**Source data:**
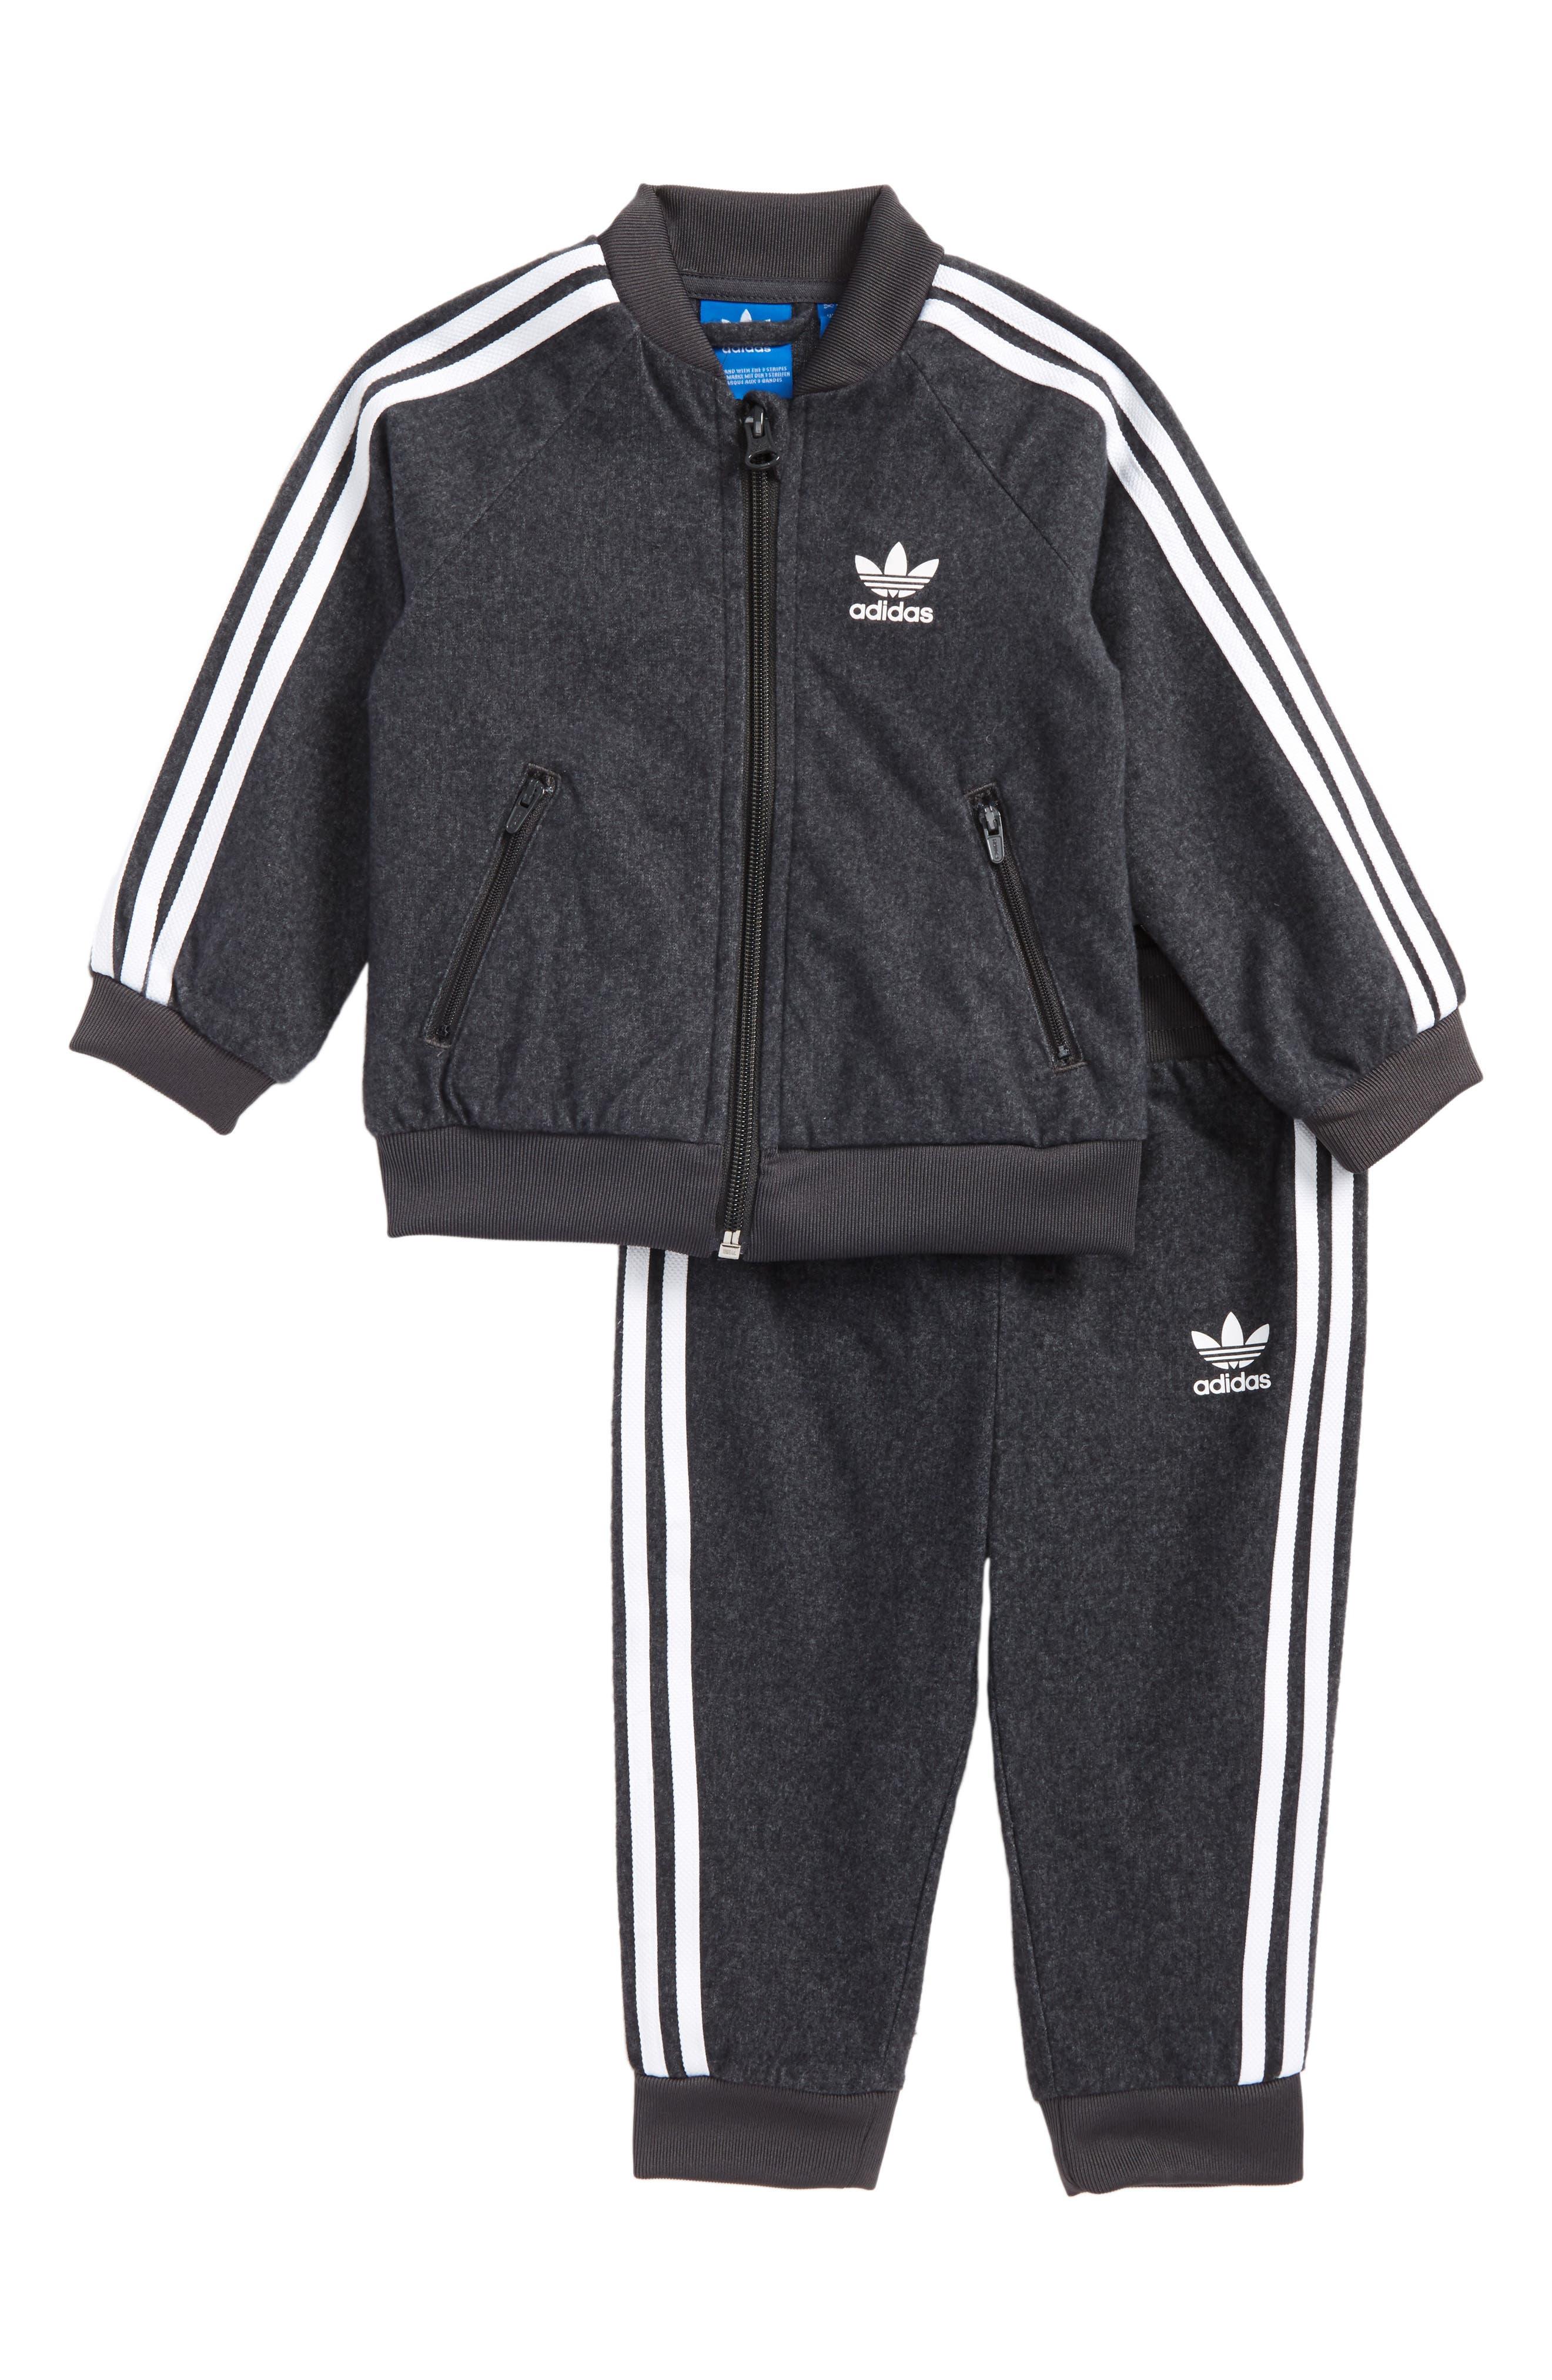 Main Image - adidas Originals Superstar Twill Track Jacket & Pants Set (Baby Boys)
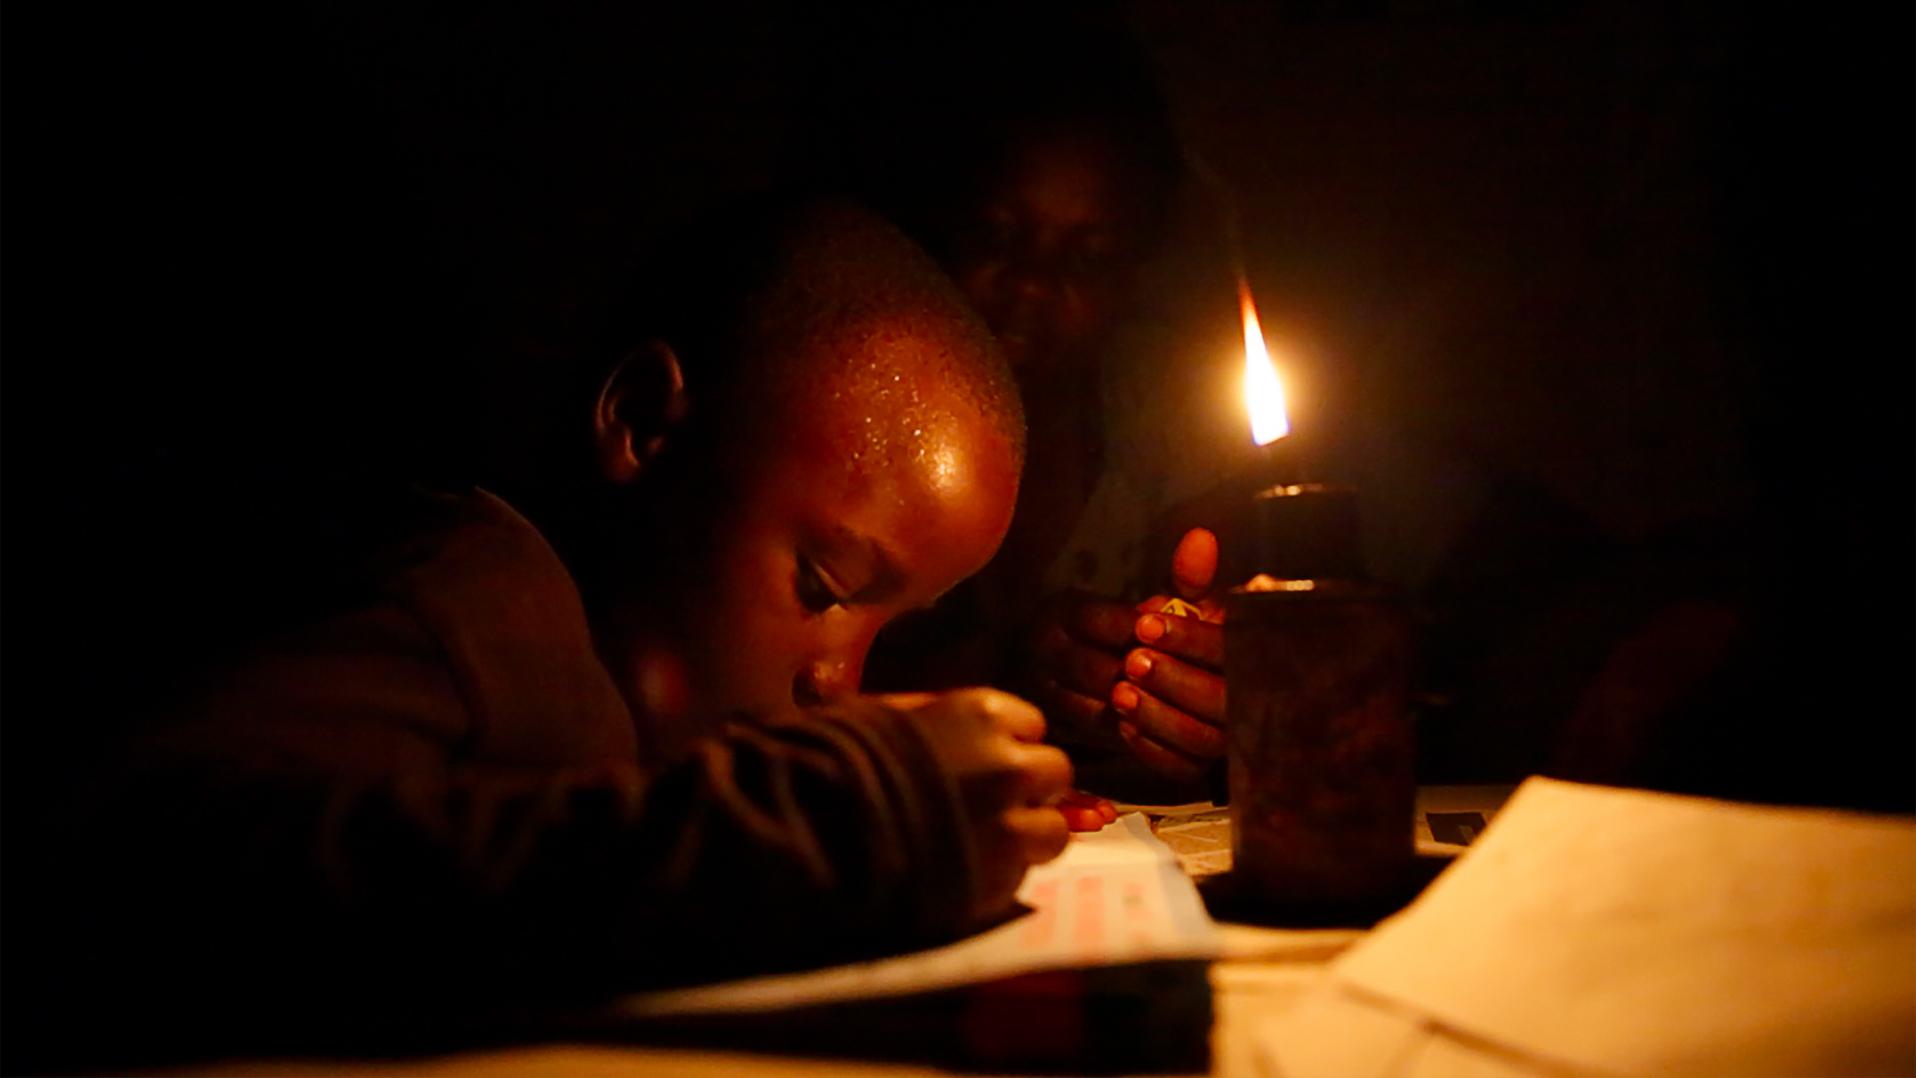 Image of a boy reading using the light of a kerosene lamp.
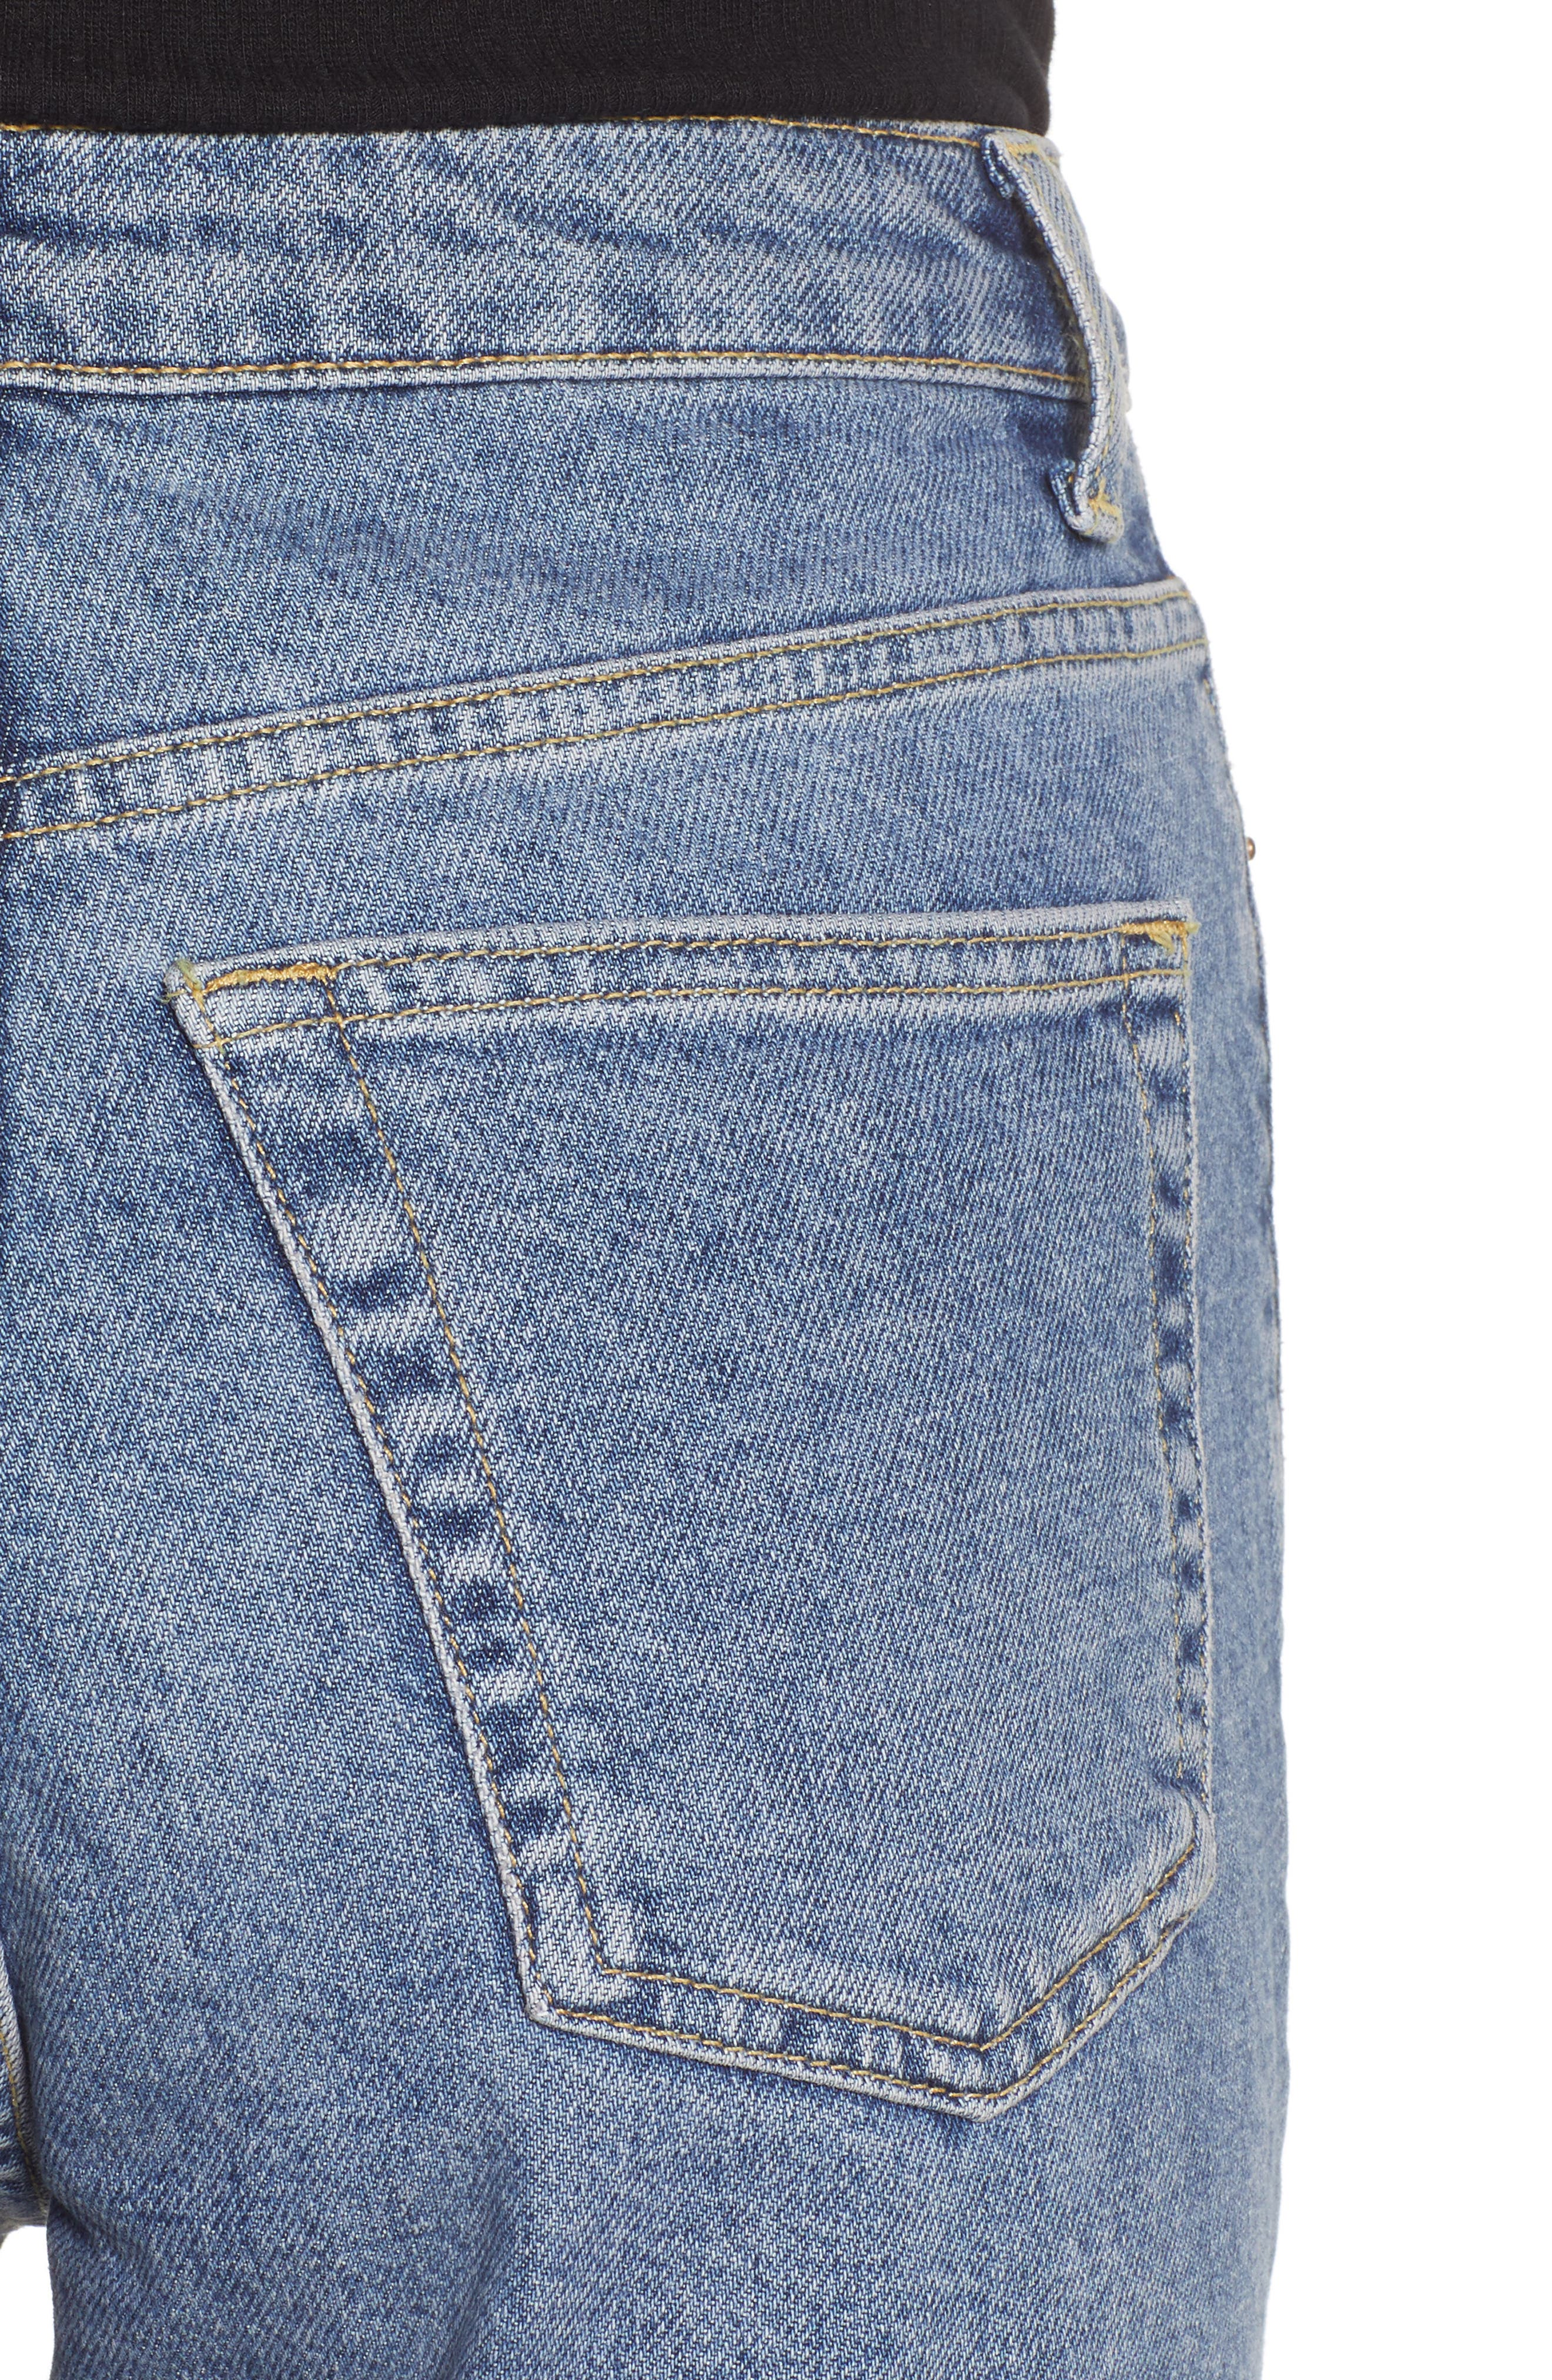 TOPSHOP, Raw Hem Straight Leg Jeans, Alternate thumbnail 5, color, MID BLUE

**Problem details:** Beginning with the line containing "Image of a boy" and ending with the last line of the data, output those lines exactly and nothing more. Omit every picture.

**Exercise solution:**
 Image of a boy reading using the light of a kerosene lamp.
 TOPSHOP, Raw Hem Straight Leg Jeans, Alternate thumbnail 5, color, MID BLUE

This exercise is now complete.